A number and a scalar are of course the same thing. That message is buggy (I've reported it). It should say something more like provided loss layer ContrastiveLossLayer[0.5,...], which expects a number, is incompatible with "Output" port, which produces a 1-vector decoded to a number.
So the net you're trying to train is producing a 1-vector, but ContrastiveLossLayer
wants a scalar. Decoding happens 'outside' the net, so when the loss layer and the net are joined to make the training net, any encoders you had on the output of the original net go away and so the mismatch becomes evident.
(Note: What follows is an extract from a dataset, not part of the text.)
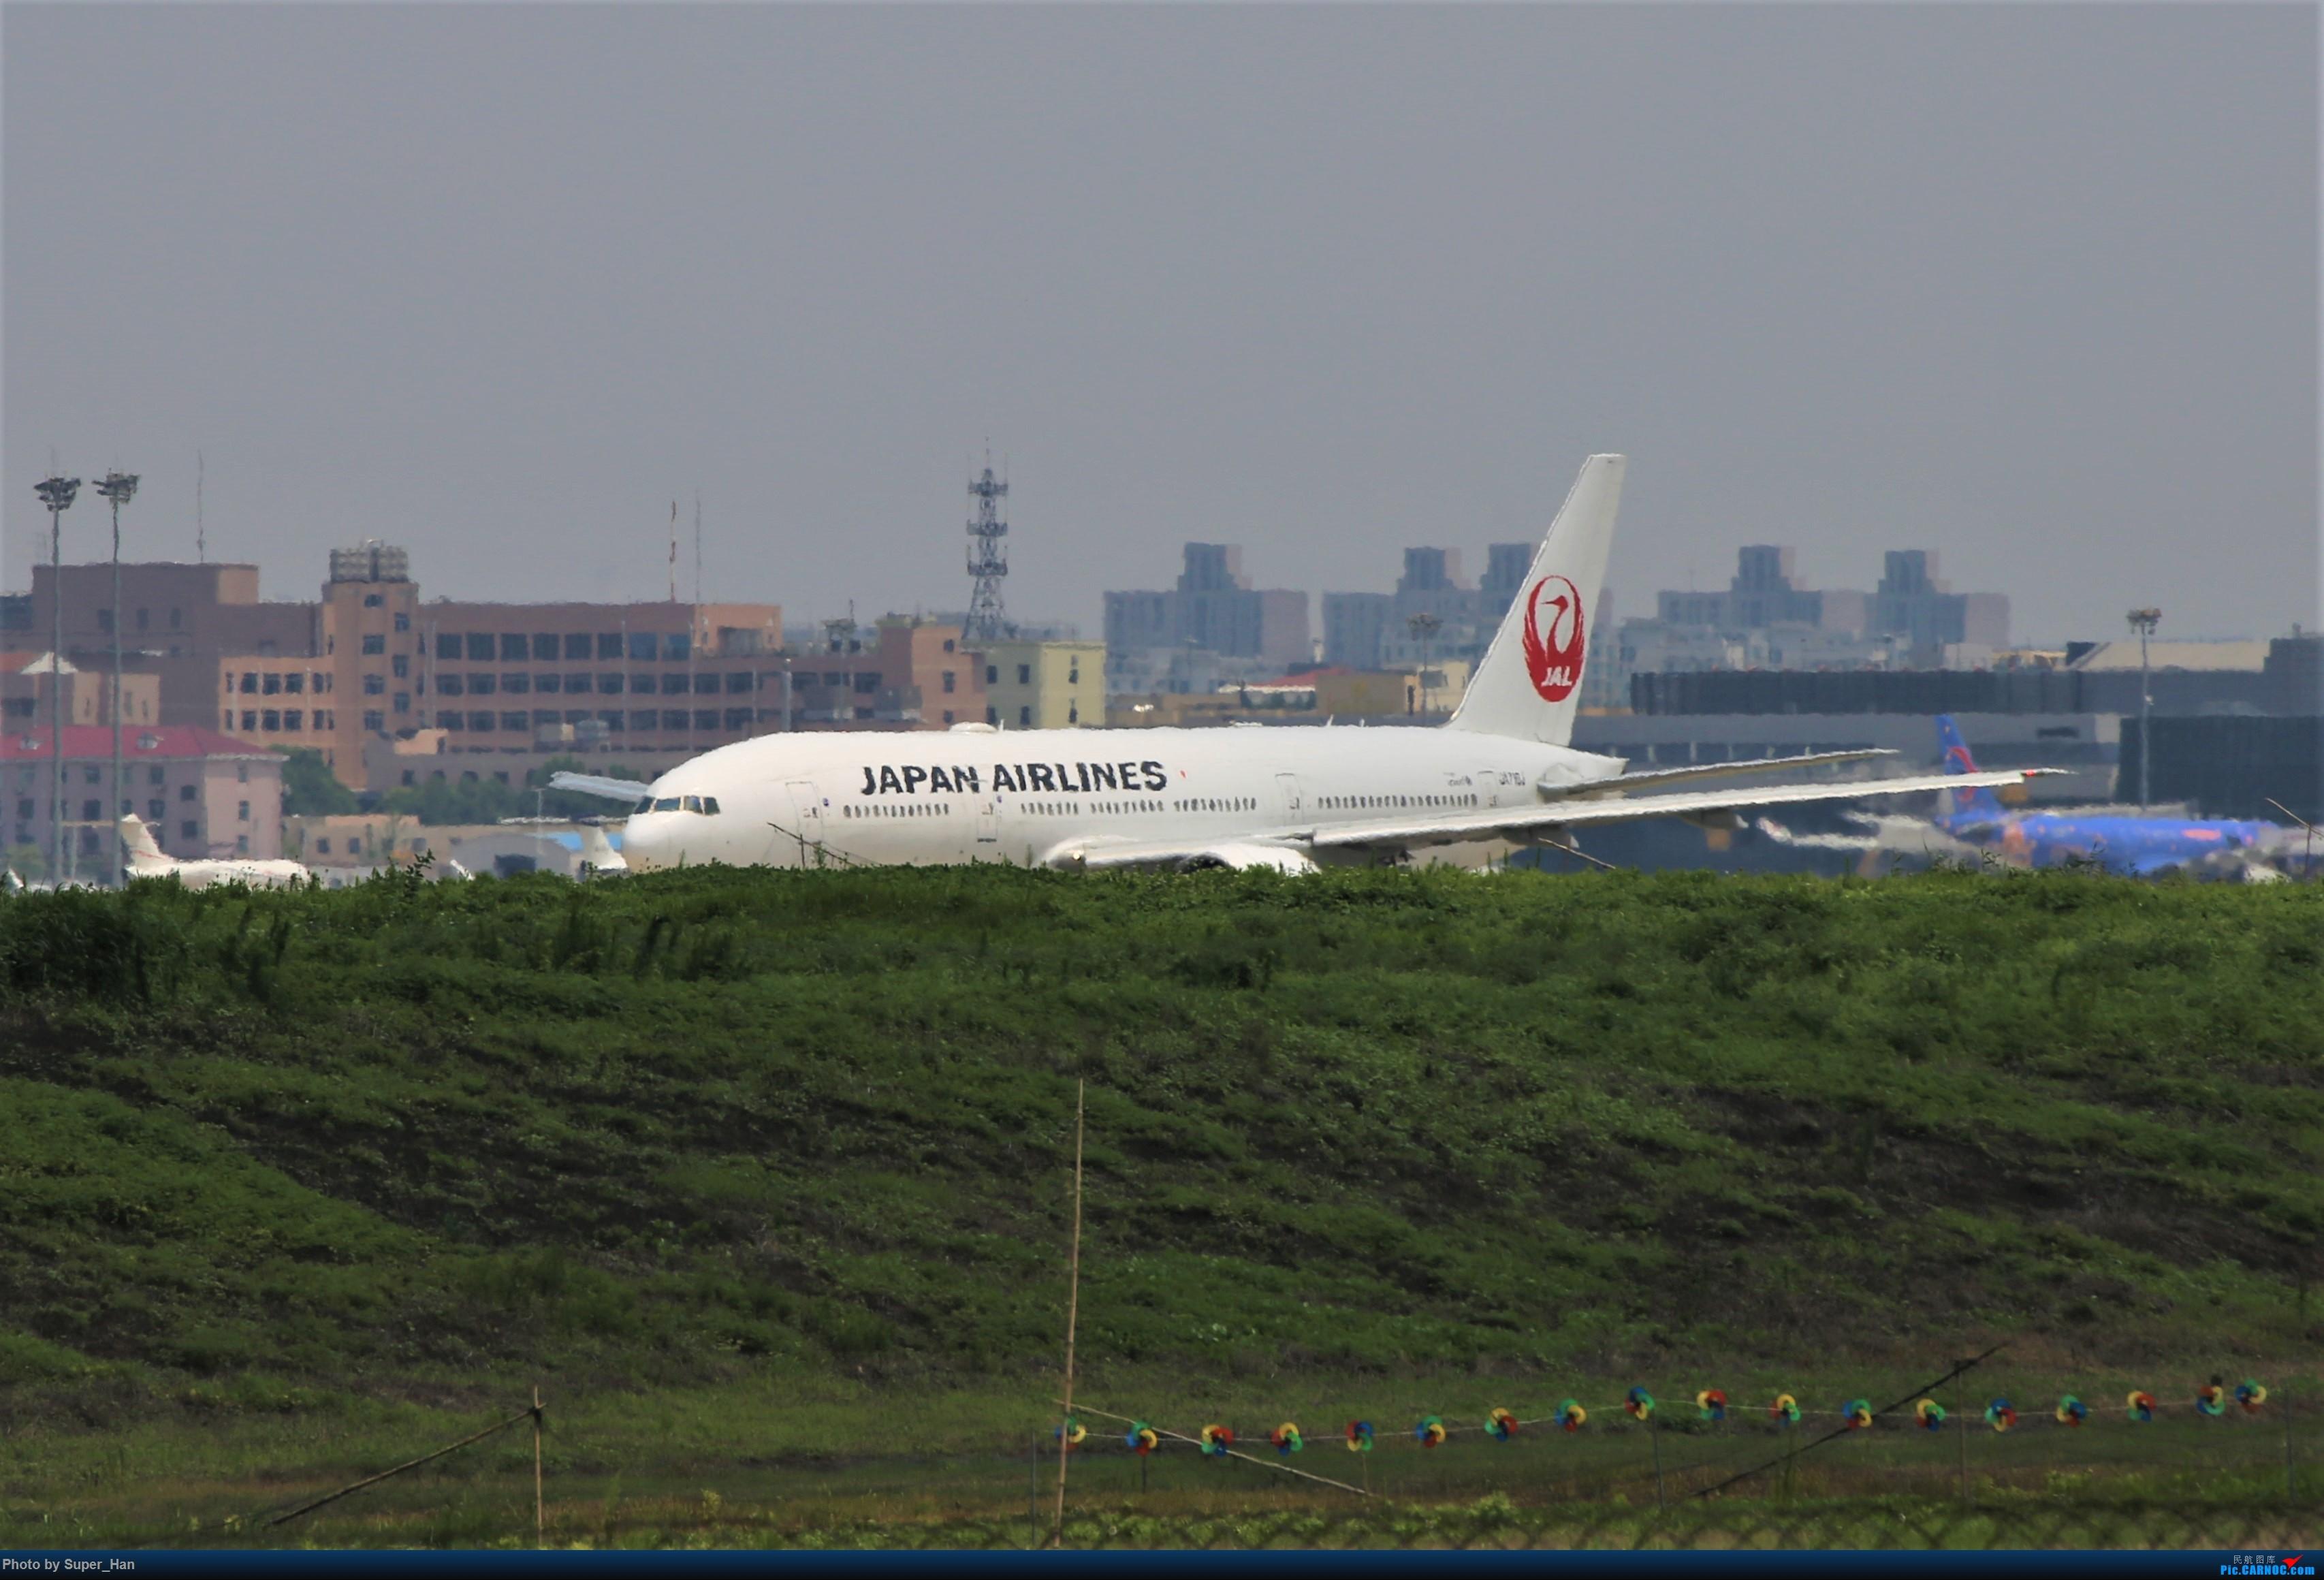 Re:[原创]【杭州飞友会】0715去虹桥说走就走【777篇】 BOEING 777-200ER JA710J 中国上海虹桥国际机场

You can fix this by producing a scalar in the first place, rather than producing a 1-vector and then having a decoder. Here's the simplest way, which is to take advantage of the fact that LinearLayer can produce any shape of output, including a number/scalar (which is a 0-tensor, in some sense, hence the dimensions of {}):
testNet = LinearLayer[{}, "Input" -> 10];
NetTrain[testNet, {Range[10] -> True}, ContrastiveLossLayer[]]
You can also write that linear layer as LinearLayer["Input" -> 10, "Output" -> "Real"]
if you prefer.
Inside a NetChain
, there is no special syntax for LinearLayer[{}]
, whereas an integer n neans LinearLayer[{n}]
, so you'd have to write out LinearLayer[{}]
directly, or if you really want to save some keystrokes, take advantage of inference to infer the output size and just write LinearLayer[]
. Writing a 'blank' linear layer can also be quite useful as well for when you don't want to hardcode the number of classes, and to leave that to be inferred from the training data itself.